A sharp-eyed redditor found a listing in the new ROCm (Radeon open compute) firmware update that reveals some of the specs for the highly-anticipated RDNA2 Sienna Cichlid (Big Navi) and Navy Flounder (Navi 22 or 23) graphics cards. Things could change over the next month as AMD fine-tunes its gear, so take these specs with a grain of salt - even though the numbers come from an official firmware update, these specs aren't confirmed.

The firmware update indicates Sienna Cichlid (Navi 21, i.e., Big Navi) will feature 80 CUs and a 256-bit memory bus. The CU count for this GPU is interesting, indicating all that we know on Big Navi could be legit, with most signs pointing to 80 CUs (or around 80 CUs) to be the spec for Big Navi. If this is true, not to mention if the GPU runs on TSMC's latest 7nm process, we could see RTX 3080-levels of performance, but with much better efficiency.
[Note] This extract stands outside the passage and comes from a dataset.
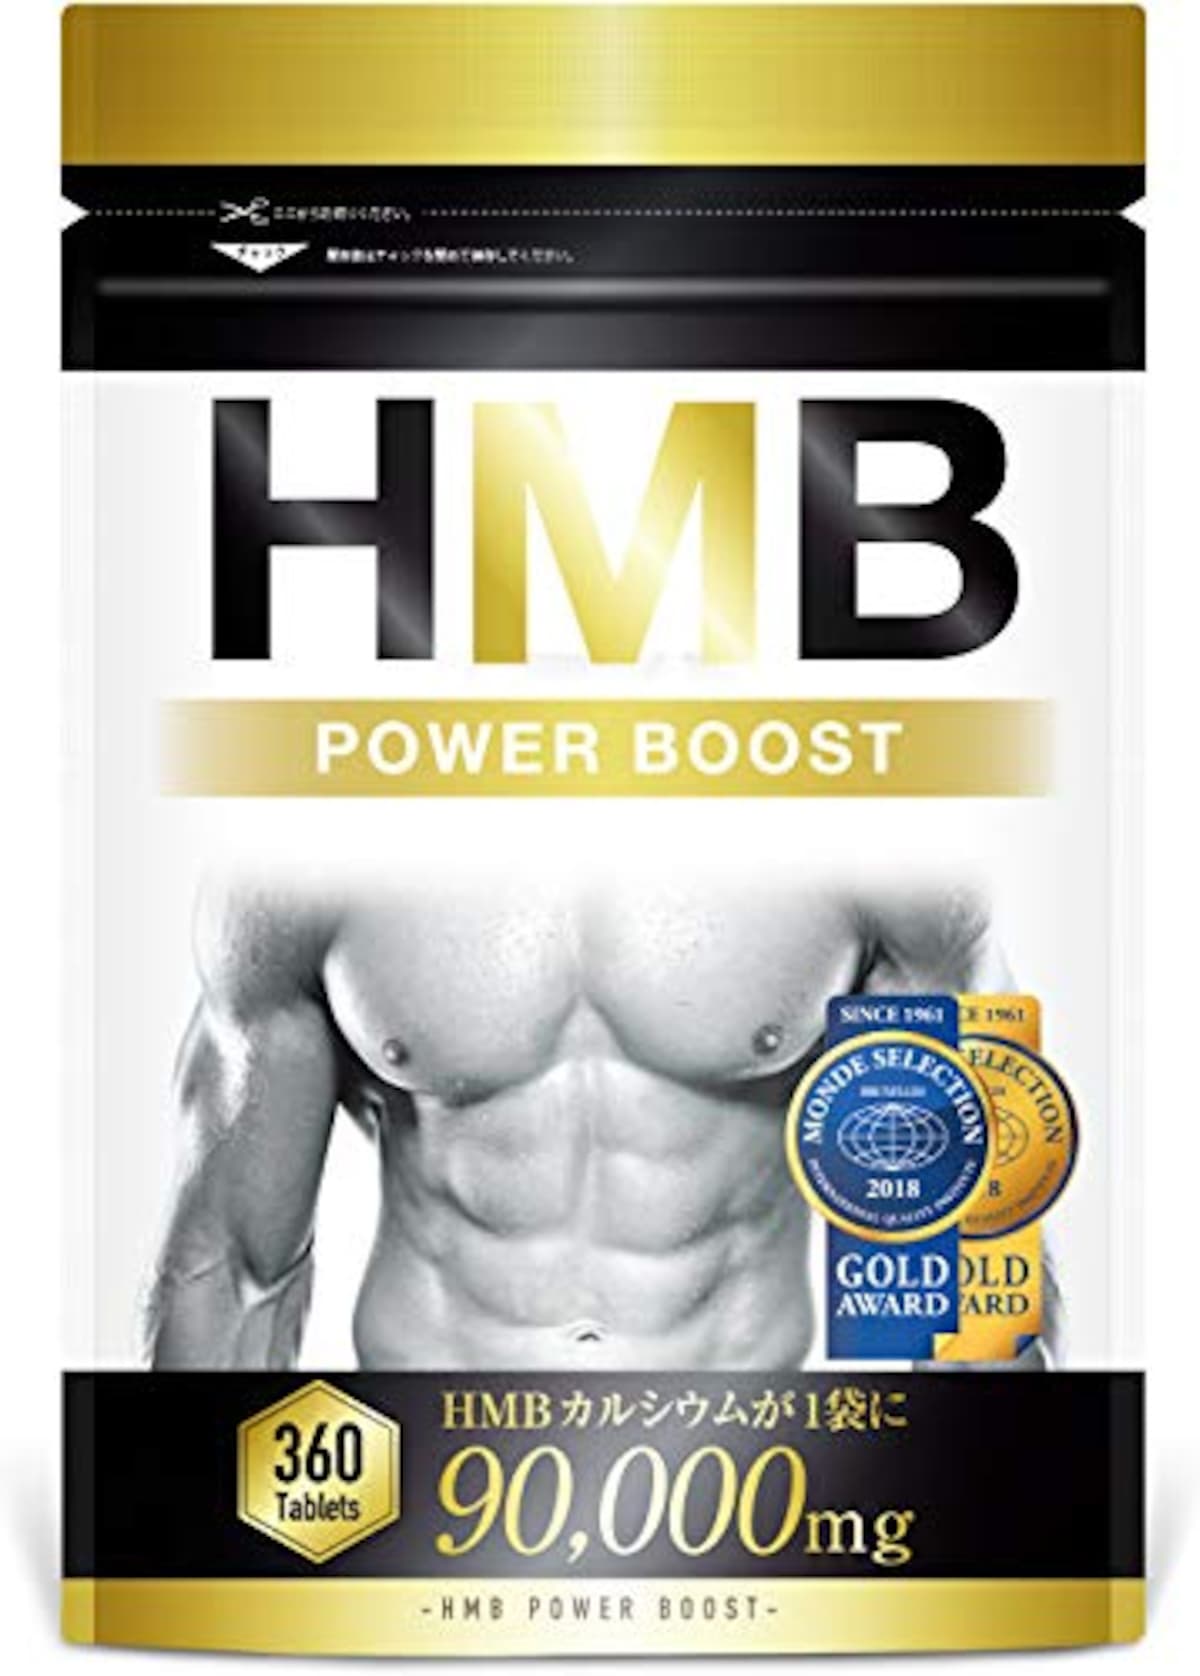 HMB POWER BOOST サプリメント

Swipe to scroll horizontally

Navi GPU Specifications from Linux Kernel Firmware Update:
Parameter	Navi 10	Navi 14	Navi 12	Sienna Cichlid (Big Navi)	Navy Flounder (Navi 22/23)
gc_num_se	2	1	2	4	2
gc_num_cu_per_sh	10	12	10	10	10
gc_num_sh_per_se	2	2	2	2	2
gc_num_rb_per_se	8	8	8	4	4
gc_num_tccs	16	8	16	16	12
gc_num_gprs	1024	1024	1024	1024	1024
gc_num_max_gs_thds	32	32	32	32	32
gc_gs_table_depth	32	32	32	32	32
gc_gsprim_buff_depth	1792	1792	1792	1792	1792
gc_double_offchip_lds_buffer	1024	512	1024	1024	1024
gc_wave_size	32	32	32	32	32
gc_max_waves_per_simd	20	20	20	16	16
gc_lds_size	64	64	64	64	64
num_sc_per_sh	1	1	1	1	1
num_packer_per_sc	2	2	2	4	4

The firmware specifications also list AMD's Navy Flounder with 40 CUs and a 192-bit memory bus. This GPU appears to a direct replacement to the RX 5700 XT and/or RX 5700 on the new RDNA2 architecture. If each CU has the same 64 stream processors as RDNA1, then Navy Flounder will have identical core counts to the 5700 XT.

Article continues below

Strangely, the memory bus is narrower than Navi 10 chips (RX 5700/XT) at 192-bits, AMD could be pulling an Ampere tactic by using higher-frequency GDDR6X memory to compensate for the lower bus width. Unfortunately, there is not enough information to indicate just where these GPUs will be placed in AMD's lineup - they could compete with the rumored RTX 3060 Ti, possibly the RTX 3070, or even other SKUs in the future.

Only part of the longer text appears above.